Incorporating survey-derived abundance indices (with posterior uncertainty) into a Bayesian SSM

Hi all,

I have a conceptual question about how to incorporate fisheries-independent survey indices of abundance (with full posterior uncertainty) as response data in a state-space model (SSM).


Here is the premise: each year, we conduct a fisheries-independent survey that samples ~1,500 stations using a stratified random design. The survey occurs in winter when the target species (crabs) enter torpor due to cold water temperatures, allowing us to use a relatively simple observation model to estimate annual indices of abundance.

I can provide the specific survey model if that’s helpful, but conceptually, the survey produces posterior draws of annual abundance indices for two stages (juveniles and adults) across ~30 years.


I’d like to use these survey-derived indices as the observation component in a stage-based population dynamics SSM (two stages: juveniles and adults).

The “ideal” setup, as I understand it, would be to fit a single, fully hierarchical Bayesian model that combines:

  1. the survey observation models, and
  2. the stage-structured SSM process model.

That way, uncertainty from the survey models would naturally propagate through to the population process.

However, fitting such a joint model would require embedding both survey models (each with ≈50,000 total observations) inside the SSM, which seems computationally infeasible.


Instead, I’m considering a two-stage approach:

  1. Fit each survey model separately to obtain posterior draws of the annual indices.
  2. Fit a parametric distribution (e.g., lognormal) to those posterior draws for each survey × year × stage combination.
  3. Use those fitted distributions as the SSM observation likelihood.

This would dramatically reduce computation time, while still allowing uncertainty in the indices to be passed to the population model.

Does this approach seem reasonable? Any help/guidance would be appreciated!

-Challen

2 Likes

This is valid as long as two conditions hold:

  1. The full joint model must be correctly specified.
  2. The parametric approximations to the observation-model posteriors are sufficiently good approximations to the likelihood function.

You can think of the joint model as a hierarchical one, in which the likelihood function conditional on the latent true abundance is given by the observation model. What you are doing is substituting your approximate posterior for that likelihood function. To the extent that the posterior and the likelihood function are the same, this is literally the same model.

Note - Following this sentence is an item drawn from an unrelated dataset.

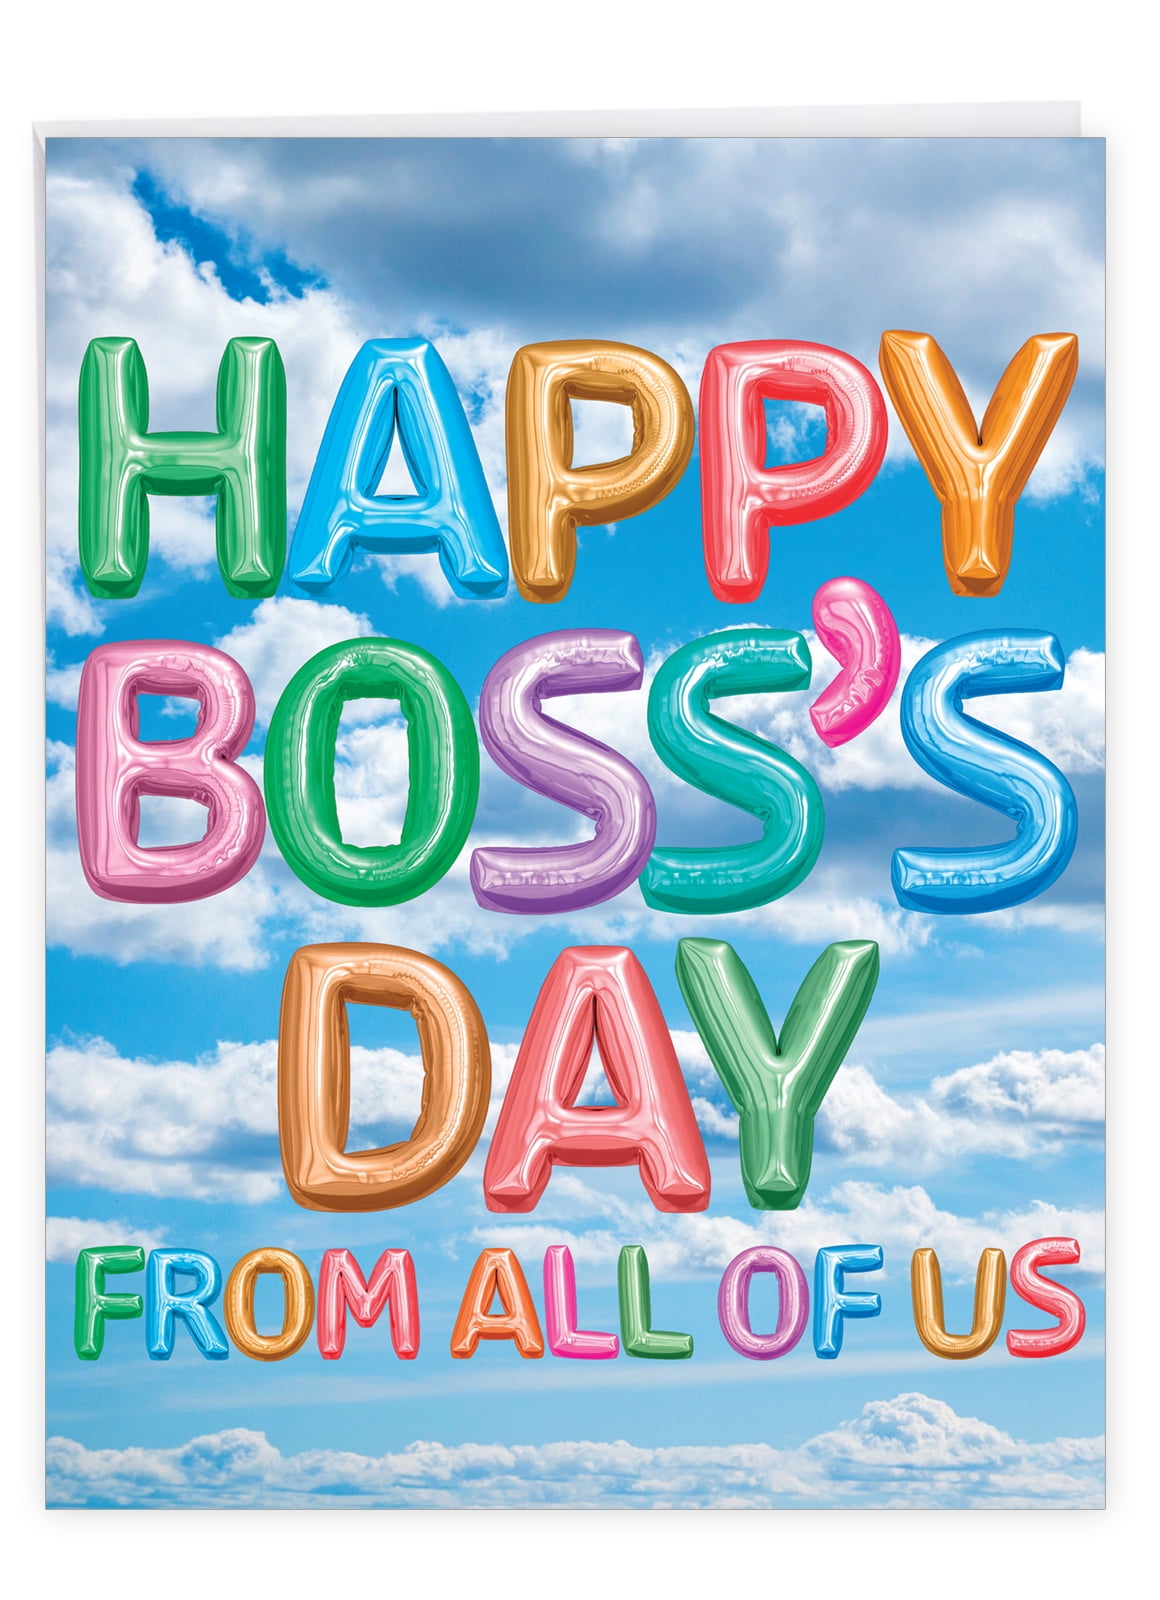 Big Happy Boss's Day Card (8.5 x 11 Inch) - Group Greeting Card for ...

Edit: I said it’s literally the same model, and this true for most intents and purposes. Note that we’ve dropped a bunch of constant terms in the likelihood by replacing the (unnormalized) likelihood terms with (normalized) posteriors. For fitting purposes this doesn’t matter. For model comparison purposes some care is warranted, most especially if comparing the full joint model to a two-stage model. Just make sure to formulate the likelihoods based on the full joint model for both models!

1 Like

Thanks for the fast response @jsocolar.

You can think of the joint model as a hierarchical one, in which the likelihood function conditional on the latent true abundance is given by the observation model. What you are doing is substituting your approximate posterior for that likelihood function. To the extent that the posterior and the likelihood function are the same, this is literally the same model.

This was also my interpretation. I was just hoping it was correct, as I hadn’t seen something like this been done before in literature. The parametric approximations appear to match the posterior predictive distributions for the annual indices quite well. Thank you for confirming!